[Opening Given entries section]

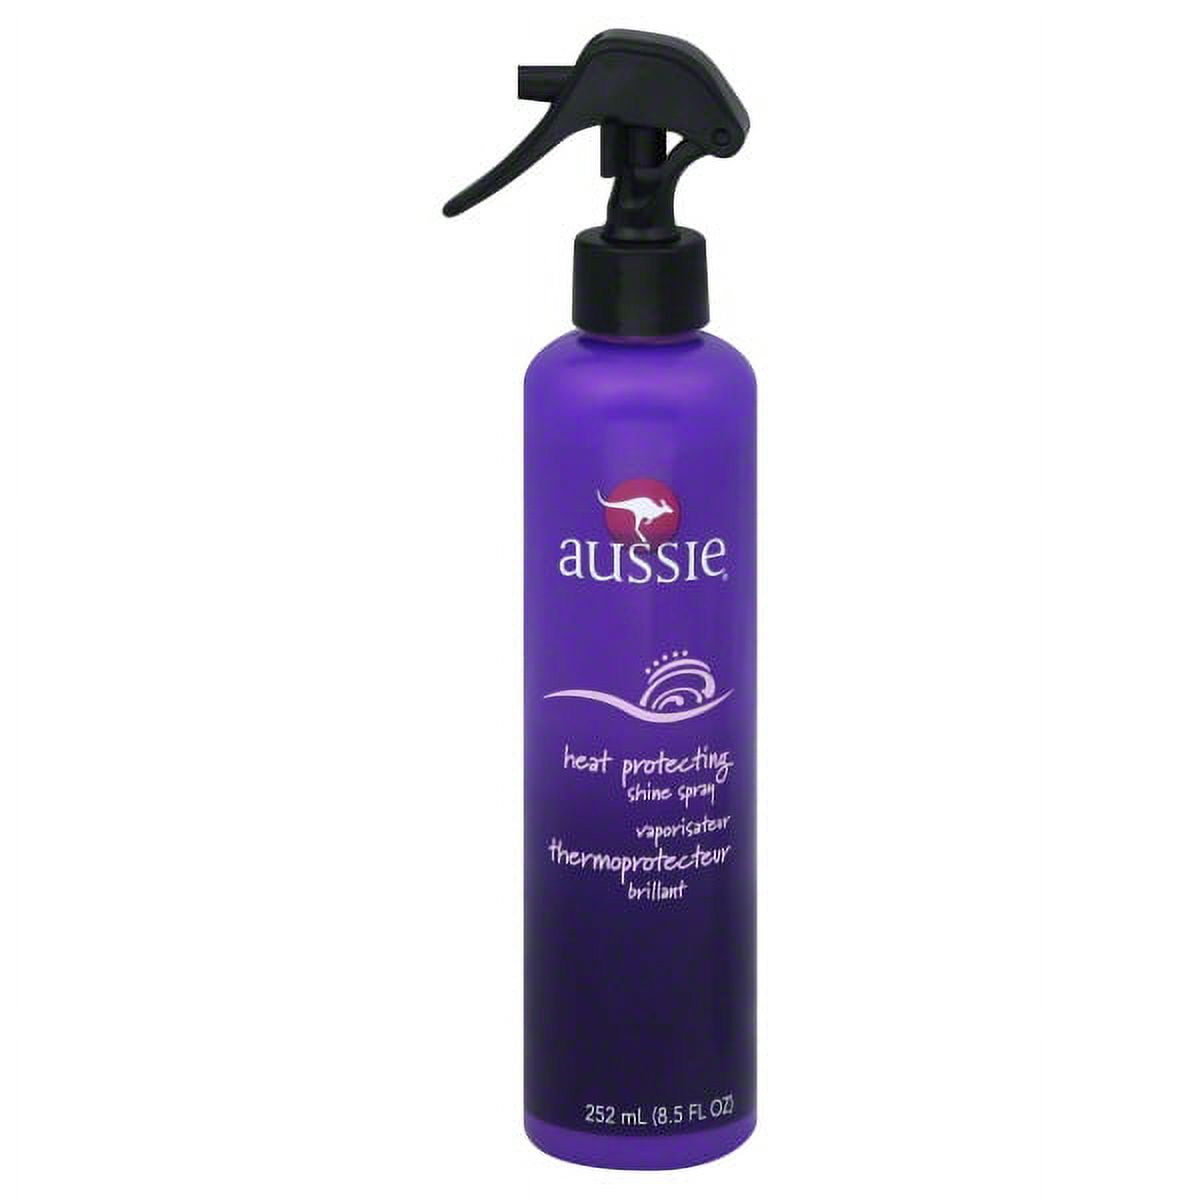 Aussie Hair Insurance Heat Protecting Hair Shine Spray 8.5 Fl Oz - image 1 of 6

[Closing Given entries section]
[Opening Given entries section]

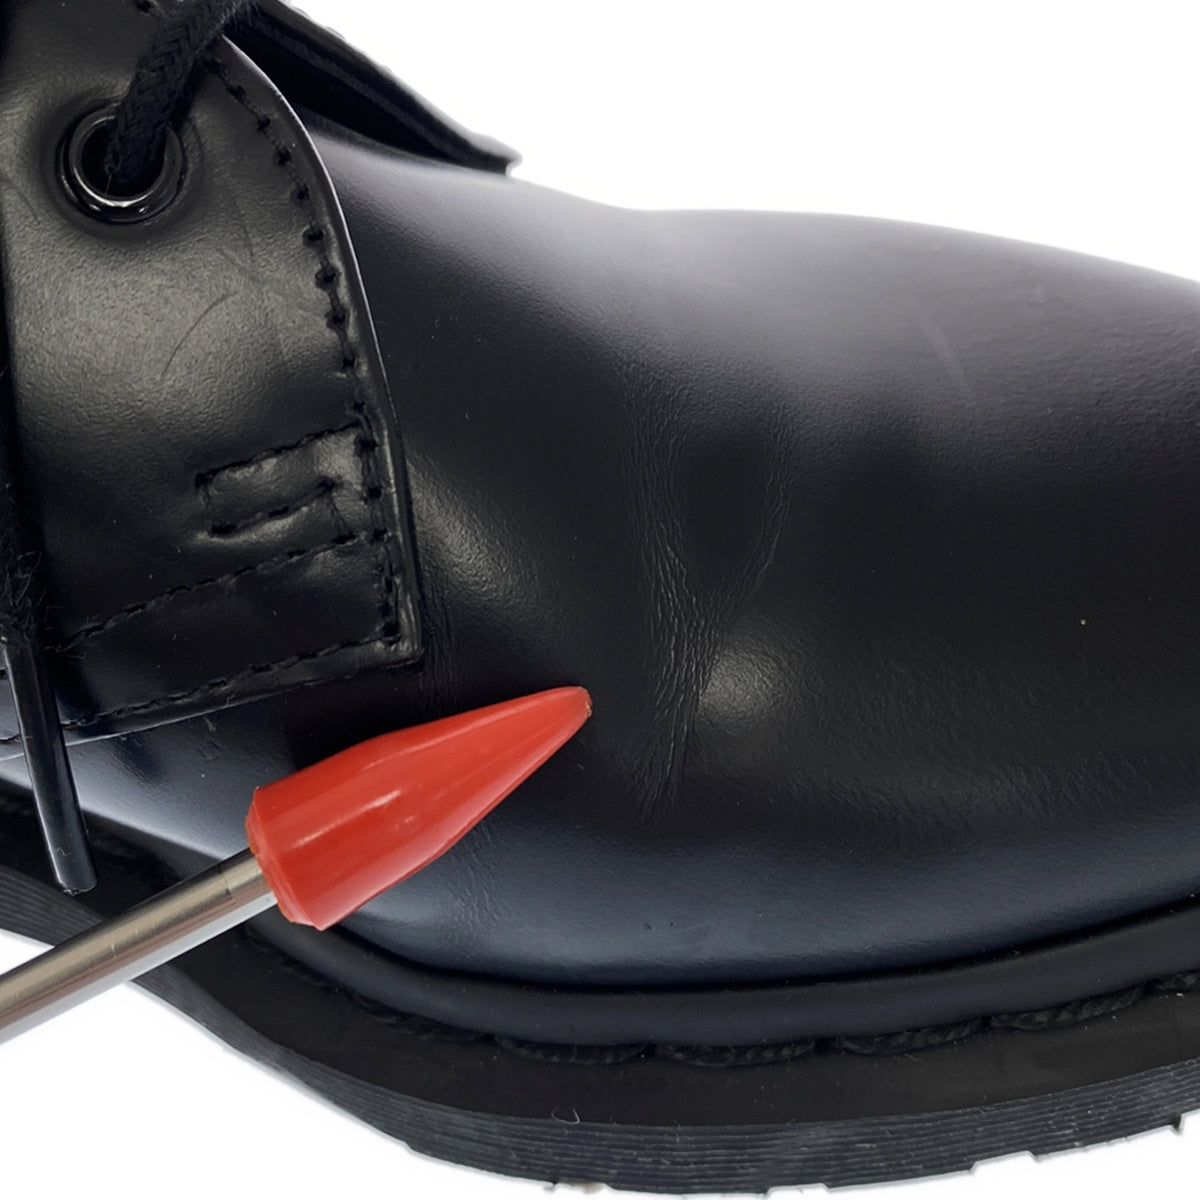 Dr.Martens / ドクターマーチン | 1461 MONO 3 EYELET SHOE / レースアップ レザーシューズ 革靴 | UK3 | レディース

[Closing Given entries section]
[Opening Given entries section]

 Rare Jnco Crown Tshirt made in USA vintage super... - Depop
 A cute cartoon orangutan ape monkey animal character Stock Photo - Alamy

[Closing Given entries section]

■ Task prompt:
The required answer is the exact run of lines above starting at the line with "Rare Jnco Crown" and ending at the line with "A cute cartoon", with both ends present.

■ Result of the exercise:
 Rare Jnco Crown Tshirt made in USA vintage super... - Depop
 A cute cartoon orangutan ape monkey animal character Stock Photo - Alamy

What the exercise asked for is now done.